My husband and I have 3 daughters ages 9, 7 and 2. We have a fully fenced yard and I stay at home during the day. We have recently lost a dear pet, our 11.5 year old Rhodesian Ridgeback named Star, so we are not looking to get a pup right away. I am thinking spring/summer. The kids are wonderful empathetic girls who love all animal and dogs in particular. 
If you have experiences, good or bad please share or if you are a breeder please pm me or give me a link to your website. Thanks!


----------



## first poodle (Jan 12, 2010)

There are several great Ontario breeders on this forum, I'm sure they will weigh in soon. Hope they will toot their own horns b/c they are very well respected for the work they do with the breed.


----------



## ArreauStandardPoodle (Sep 1, 2009)

Hi there: There are a number of good breeders in Ontario. What colours are you thinking? Some do not consider a high COI a problem, others do. And some do a ton of testing, others don't. Sorry for the loss of your beloved Rhodesian Ridgeback.


----------



## Mel0824 (Oct 16, 2013)

Hi Arreau Standard Poodles! I actually sent you an email last night. Your dogs are lovely and i am excited to chat with you about them. Color is not as important as temperament, although that said I don't really care for solid white or cream.


----------



## ArreauStandardPoodle (Sep 1, 2009)

Oh yes you did! Well, you are very welcome to come visit anytime. We breed for very low COI's and just finished Cayenne's testing- 11 tests in all....hips, elbows, cardiac, thyroid, SA, eyes, patellas, dentition, von Willebrand, neonatal encephalopathy and degenerative myelopathy. Feel free to check our guys out of the OFA site. 
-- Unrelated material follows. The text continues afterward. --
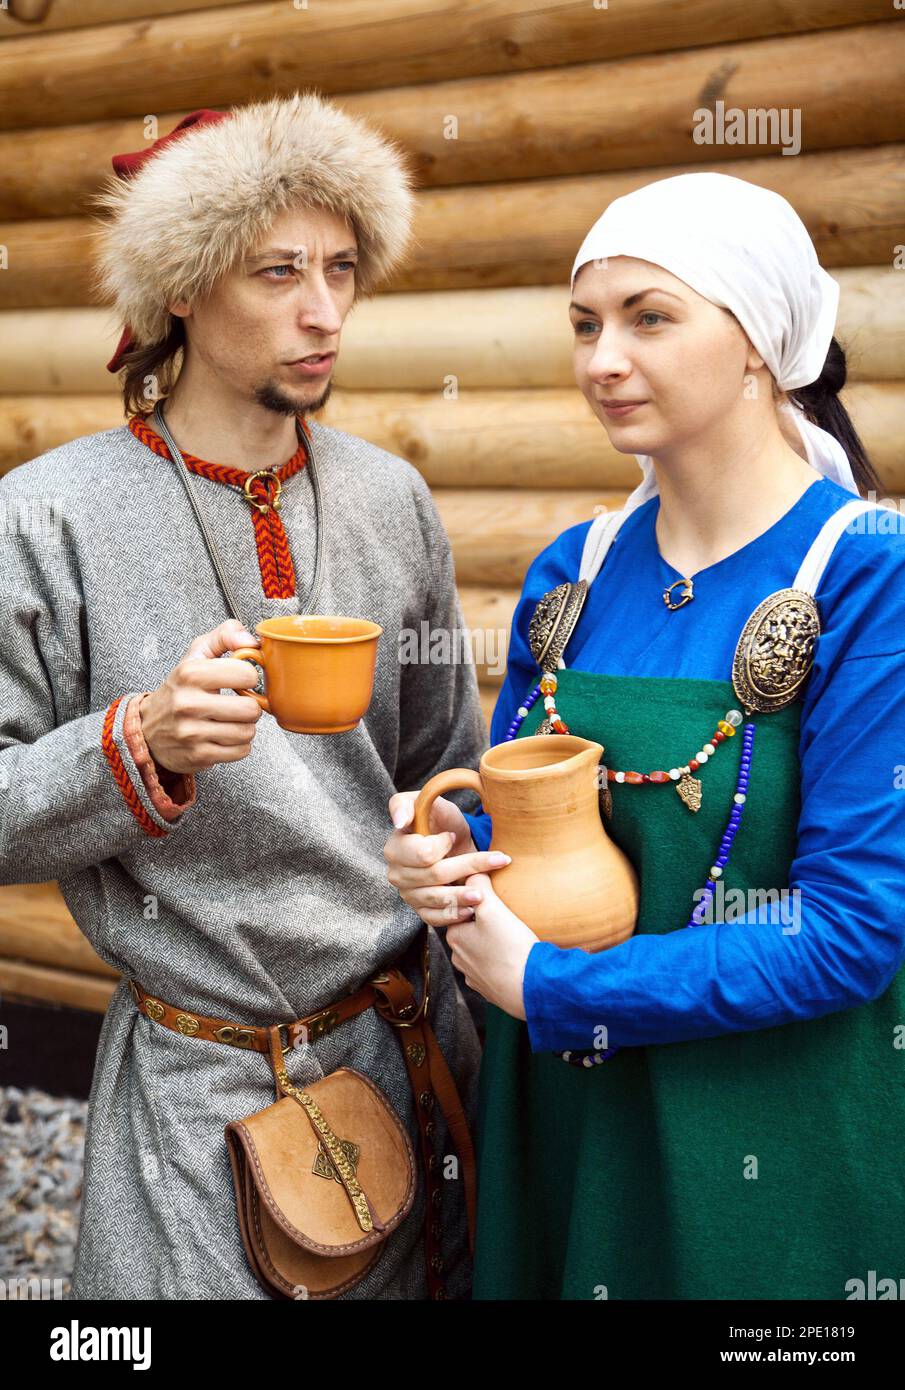 Khabarovsk, Russie - 11 juin 2017: Jeune couple portant des costumes d'époque médiévale. Homme et femme dans des vêtements de paysans d'âge moyen au reenactme historique Banque D'Images

Our next litter is spoken for, but we have a very exciting breeding planned for Journey in March. She will have all the same testing as Cayenne had, and the cOI on the litter is less than 1%.


----------



## LEUllman (Feb 1, 2010)

OMG, a pup out of Journey? To. Die. For!!!


----------



## ArreauStandardPoodle (Sep 1, 2009)

LEUllman said:


> OMG, a pup out of Journey? To. Die. For!!!


Yes indeed! We are sooooooo excited!!


----------



## calarche (May 6, 2013)

I can't wait to see those babies! 

Sent from Petguide.com Free App


----------



## MollyMuiMa (Oct 13, 2012)

Journey babies!!!!!! Hurray!!!!!!!!!!


----------